Geneva lenders optimistic about Middle East growth


The Switzerland-based bank Banque Cantonale de Genève is confident of stable growth in the Middle East for the next five years despite the global economic uncertainty triggered by Covid-19. The bank, which is over 200 years old, is not aiming for exponential growth in the region as it has a conservative approach to investing, its chairman said.

“We have been very pleased with the customer growth in the region over the past five years,” said Blaise Goetschin, CEO of Banque Cantonale de Genève The national.

“I am not expecting an explosion in growth, but rather a gradual improvement in the three business areas on which we are concentrating.”
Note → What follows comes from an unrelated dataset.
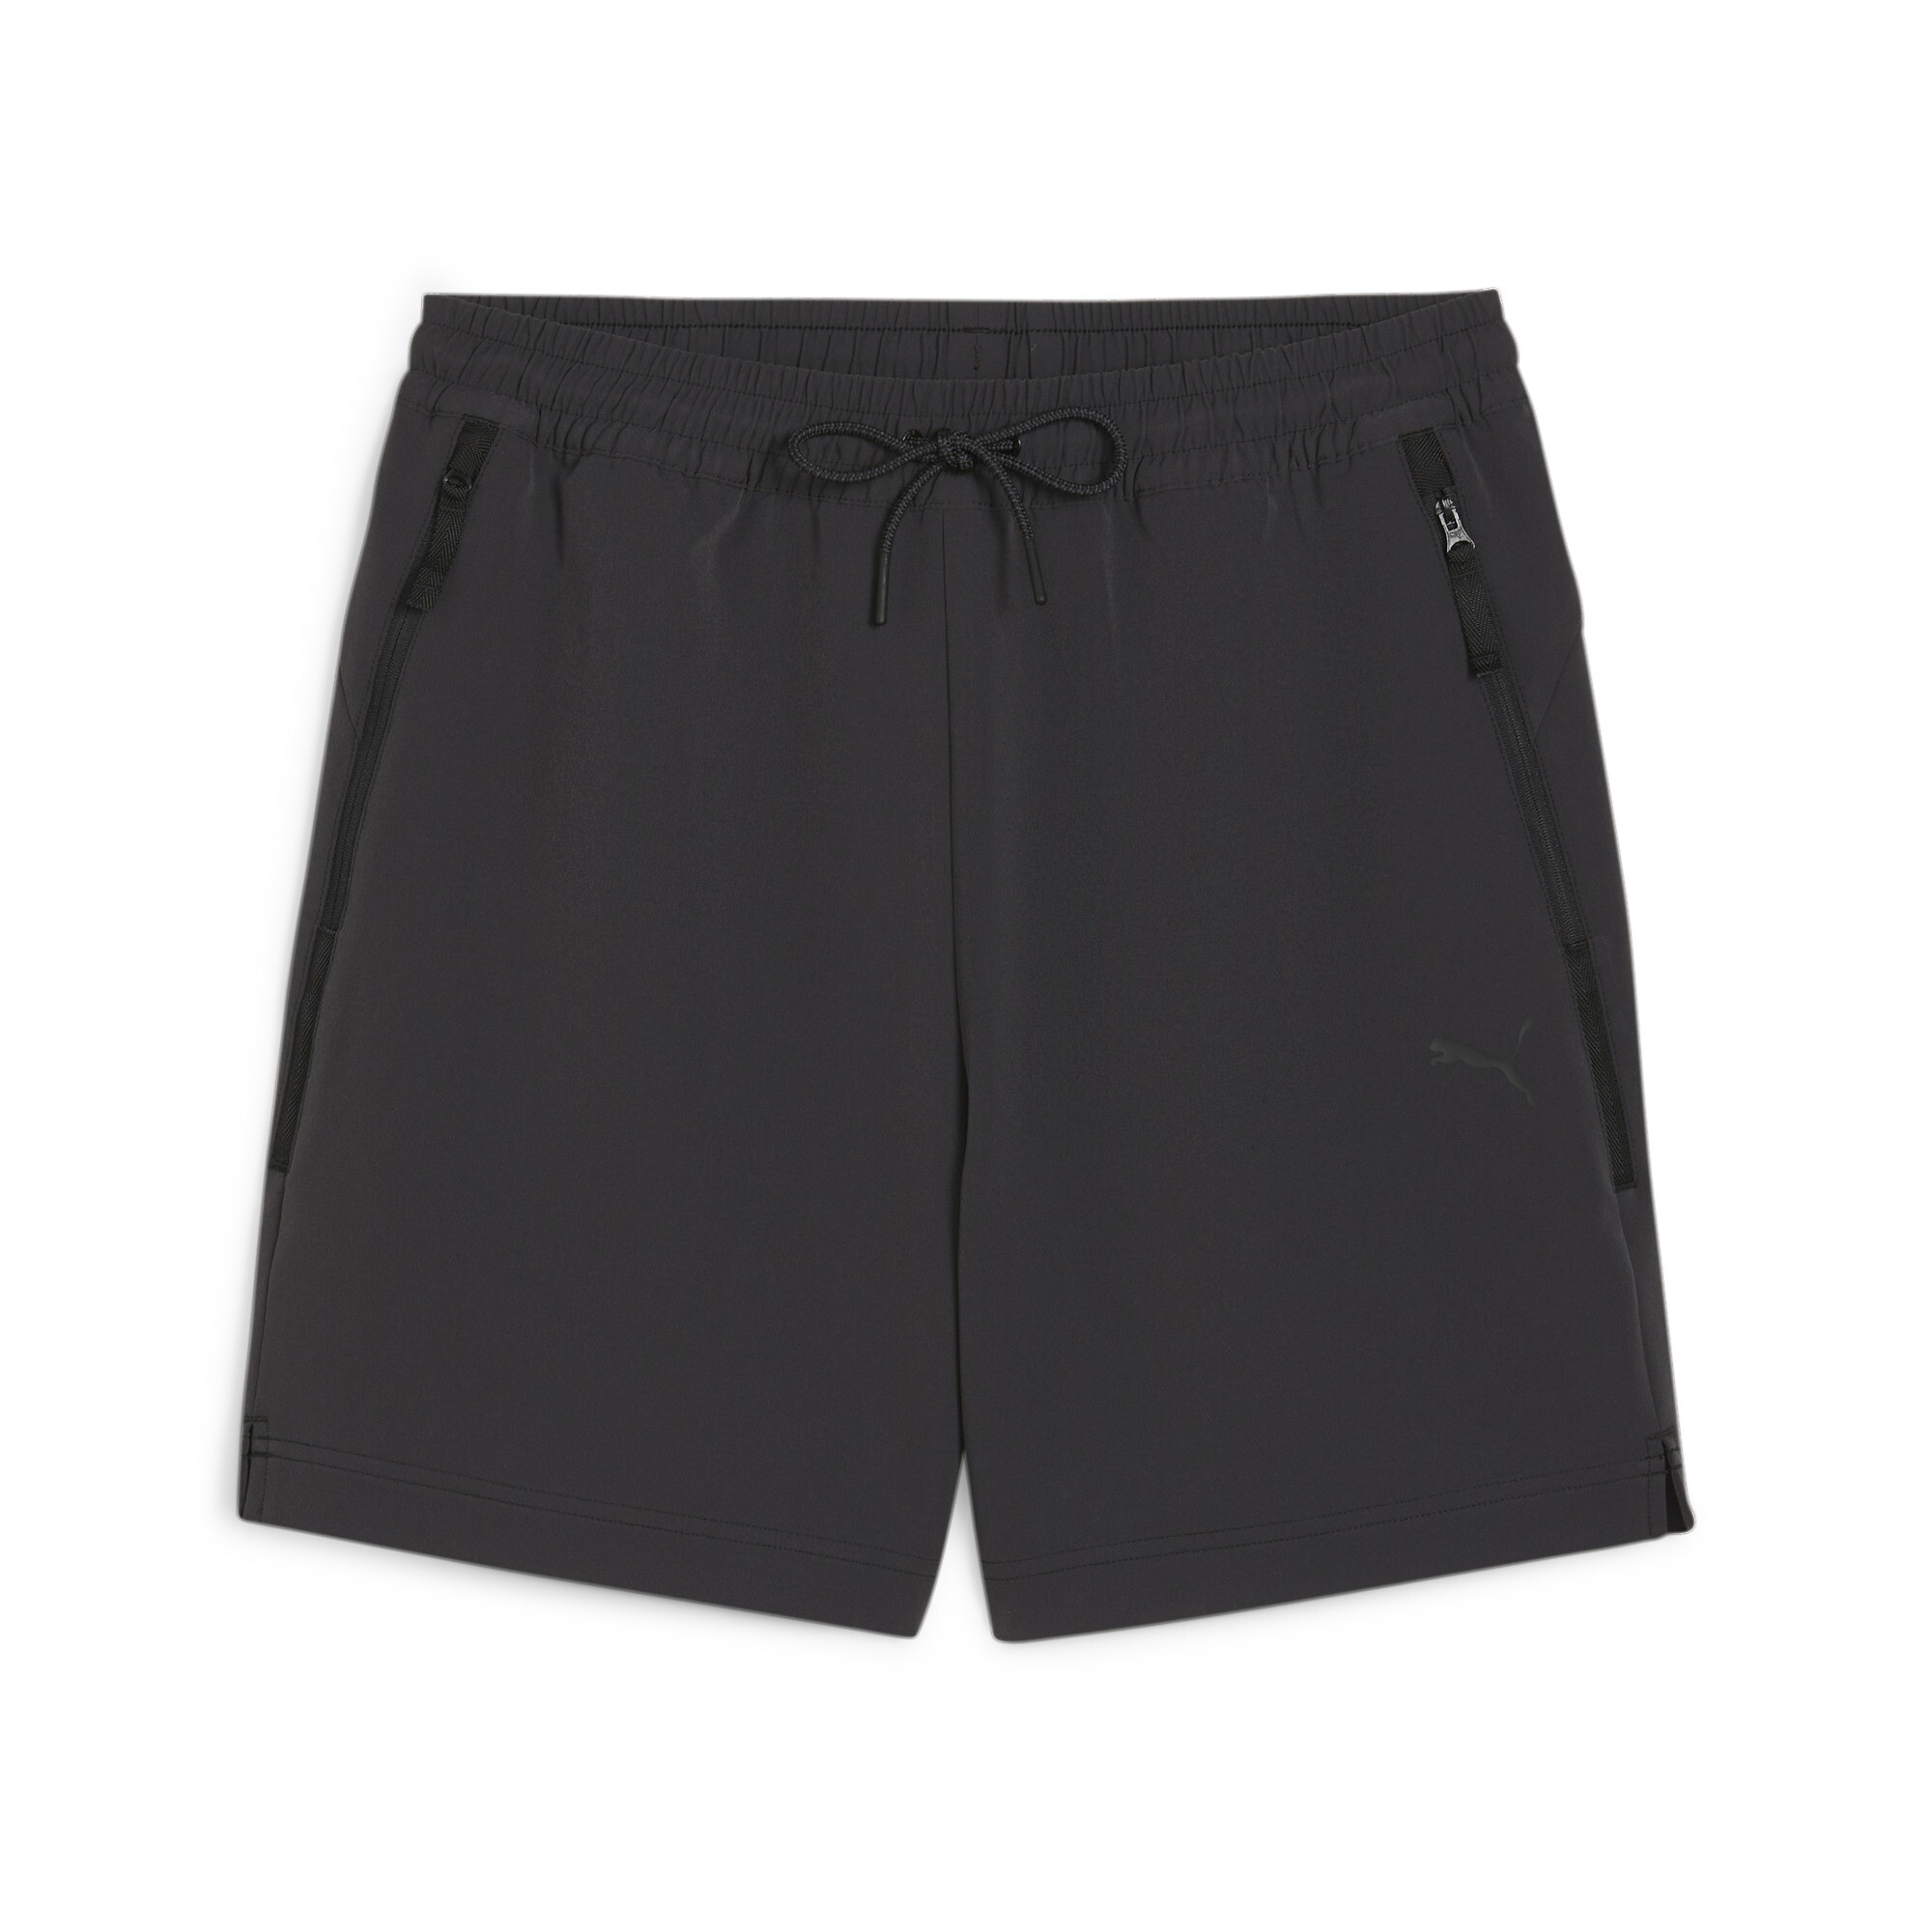 Men's PUMATECH Shorts In 10 - Black, Size Medium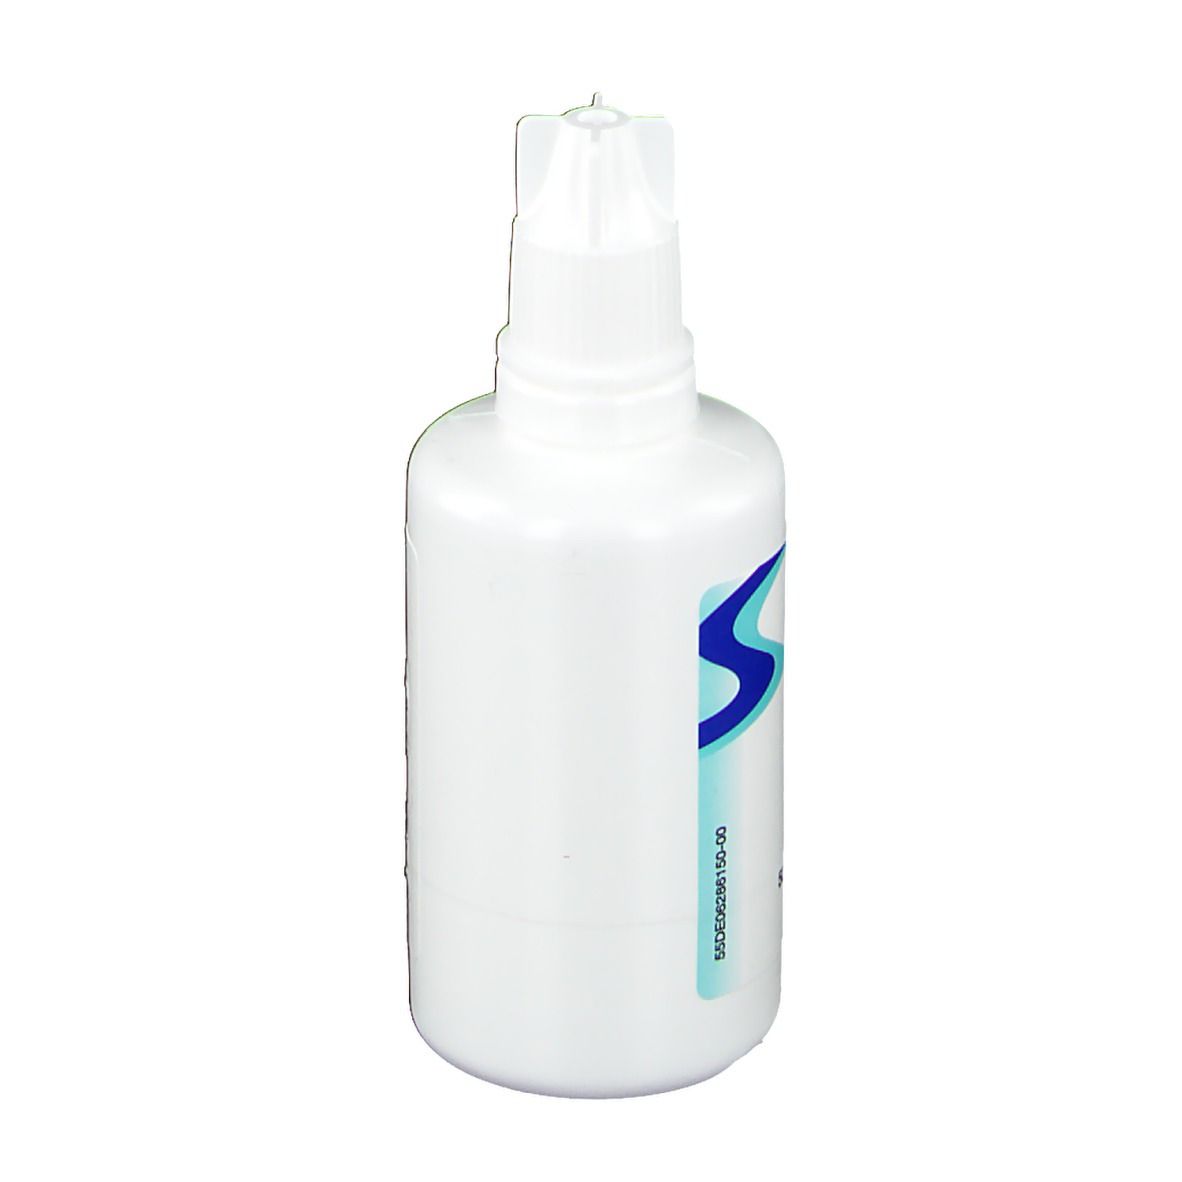 Systral® Hydrocort 0,25% Emulsion

Our first priority in the region is the United Arab Emirates. We are also interested in Oman, Saudi Arabia, parts of Iraq, Jordan and Egypt

Blaise Goetschin, CEO of the Banque Cantonale de Genève

The medium-sized bank is active in the areas of trade finance, correspondent banks and private banking. It has had a representative office in Dubai and another in Hong Kong since 2010 in order to address customers in Asia.

BCGE, which had $ 33.4 billion in assets under management worldwide for the first half of this year, has $ 500 million to $ 800 million in assets under management from the Middle East, Goetschin said.

The Middle East accounts for 3 to 4 percent of the bank’s total global sales. Switzerland is the largest market, followed by France. The Middle East and Asia account for the largest share of BCGE’s sales among international markets, said Goetschin.

“We see a lot of growth potential in the region due to the way the Covid-19 pandemic is dealt with, the prevailing peaceful situation and the internationally acceptable taxation,” he said.

The UAE’s financial wealth reached $ 600 billion in 2020, unaffected by the financial impact of the Covid-19 pandemic, after growing at an average annual rate of 3 percent from 2015, according to an August report by the Boston Consulting Group. About 69 percent of this was investable assets.

The United Arab Emirates, where 51 percent of the country’s assets are owned by people with net worth more than $ 5 million, accounted for 26 percent of the GCC’s financial assets in 2020, according to the consultancy. It is estimated that wealth in the Emirates will grow at an average annual rate of 4 percent to $ 700 billion through 2025. Total net worth in the GCC is projected to reach $ 6.3 trillion by 2025, up from $ 5.2 trillion in 2020.

BCGE, which aims to facilitate economic exchanges between Geneva and the United Arab Emirates, provides trade finance to commodity trading companies that trade in energy, metals and agricultural commodities in the Emirates and operate in Switzerland.

The correspondent banking team visits national banks in the United Arab Emirates and coordinates deposits, foreign exchange and other transactions between the banks. Meanwhile, its private banking arm is focused on Swiss and other nationalities in the UAE who keep part of their business in Switzerland for various purposes, such as to finance a home or business in their home country, the chairman said.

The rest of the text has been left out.